Words Are Not Needed



PhunkyPhresh.Com

September 11 - Lux æterna luceat eis

Monday, September 10, 2012

Lunedi Lunacy

I've always believed in a "doable" exercise programme.


And this seems to me to be highly "doable"!

10 September - 1918: Canine celebrity Rin Tin Tin was born - its an amazing story do click on the link!

Friday, September 07, 2012

Mr. Stanfield's Grand Moving Picture

I've been going through a whole pile of unpublished posts, some dating back to 2008, realizing that a goodly number should just be deleted, others are dated, others kept as examples of good ideas badly executed and then maybe a few that I could complete and post.  This entry was originally intended to be published this past January as I was heading over to London but packing and, as I recall, a technical glitch waylaid it.  What called it to mind is a remarkable slide show on the BBC website of paintings by Clarkson Stanfield.

January 13, 2012 - 1910: The first public radio broadcast takes place; a live performance of the opera Cavalleria rusticana is sent out over the airwaves from the Metropolitan Opera House in New York, New York.

I'm heading off to London tonight - it will be tomorrow I guess by the time this is posted -  to take part in an English tradition that goes back 300 years - the Christmas pantomime.
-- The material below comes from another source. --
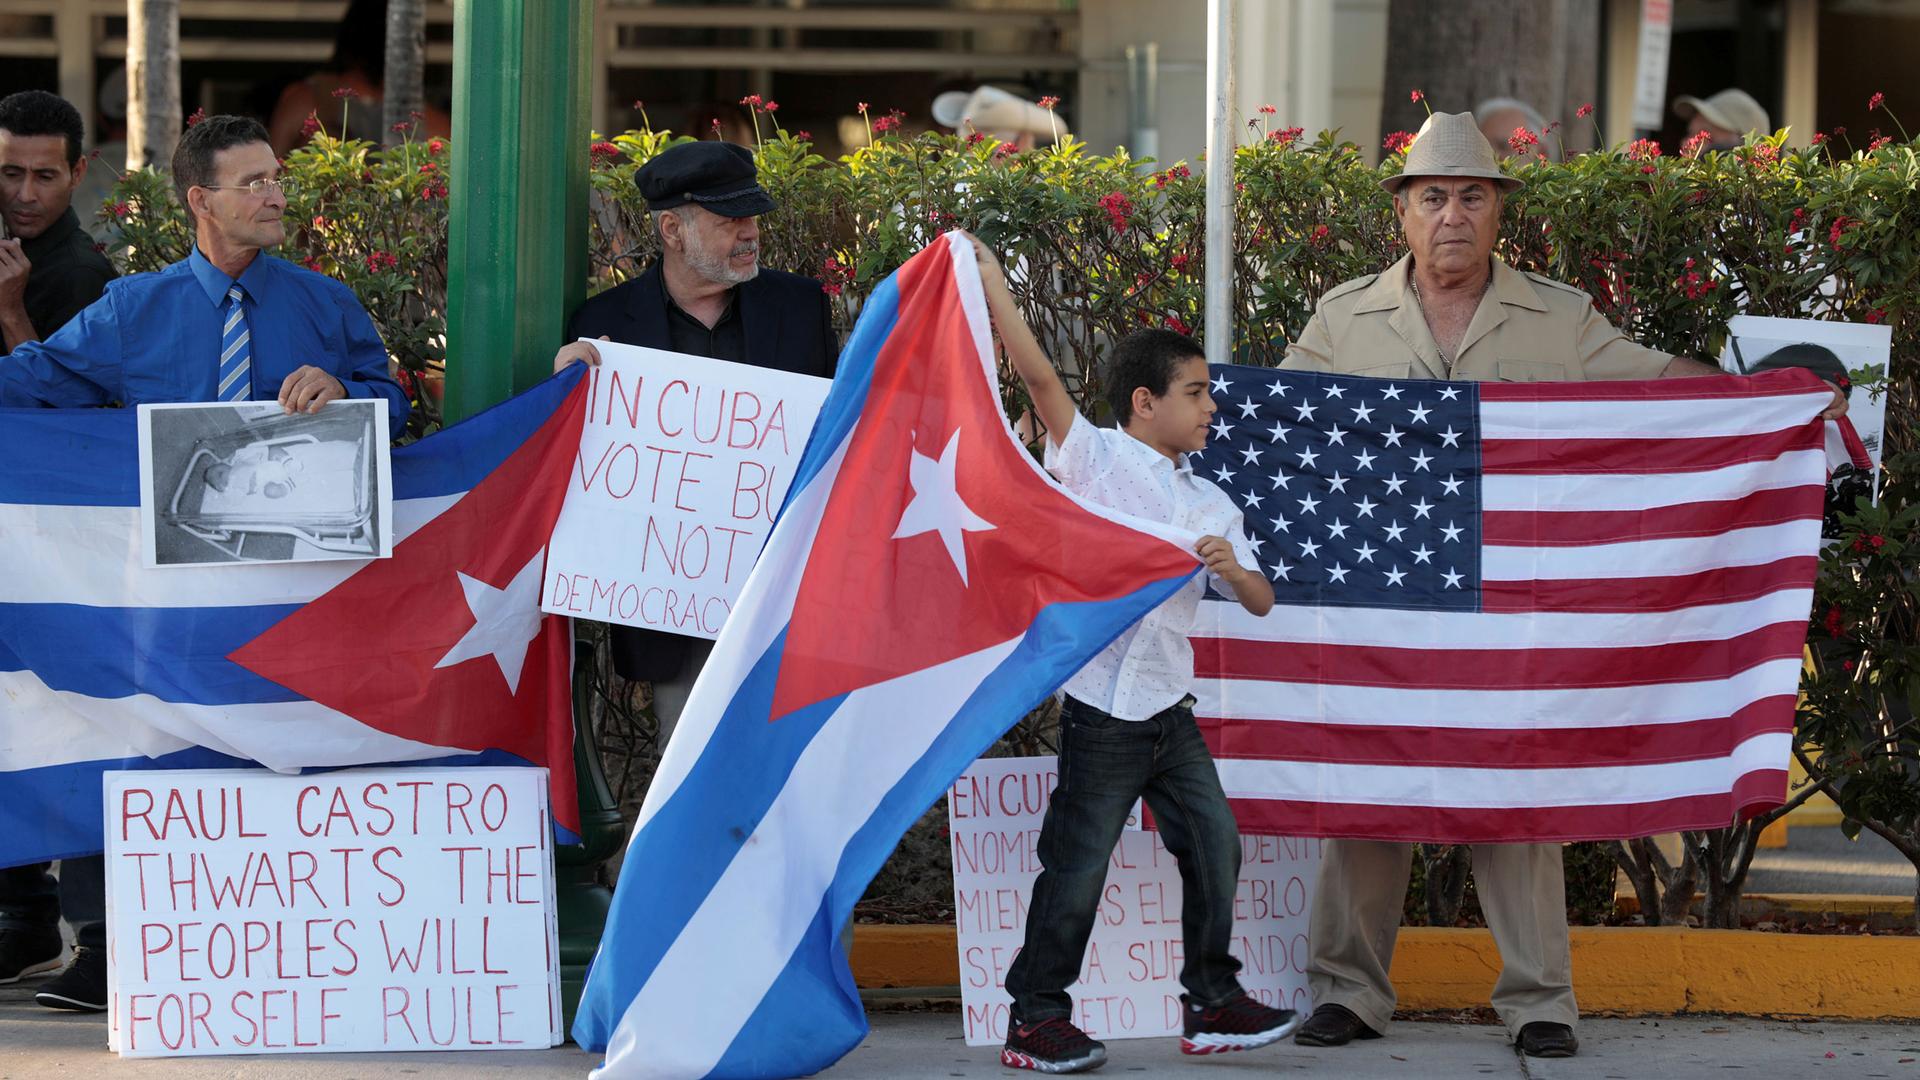 Cuban Americans protest Raul Castro leaving office as Cuba's president and Miguel Diaz Canel named as the new president, in Little Havana neighborhood in Miami, Florida

Anyone who has followed this blog will know that I don't mean the "walking against the wind" "trapped in an glass cage" stuff that you see in the summer from buskers who think they are Marcel Marceau.  Pantomime or better yet Panto is that particular form of British entertainment that began when John Rich introduced the characters of Harlequin and company to the London theatre public in 1717.

What started off as "low opera" or intermezzi became a very specific form of full length entertainment that has evolved over the past three centuries, changed with the times and tastes, gone through bad periods and now seems to be on a new high.  For many years here in Ottawa we were visited each Christmastide by pantos produced in England by Tudor Davies and brought lock, stock and Dame from England.  Then Ross Petty took over and gave us amongst others a very memorable Aladdin.  But now it seems the only Christmas entertainment we get is another version of The Nutcracker.  So off I go to London to get my dose of panto for this year - and to see Dame Edna Everage in her debut as The Fairy of London in Dick Whittington.  She is one of many "stars" appearing throughout the British Isles in some 120 odd pantos being produced this year.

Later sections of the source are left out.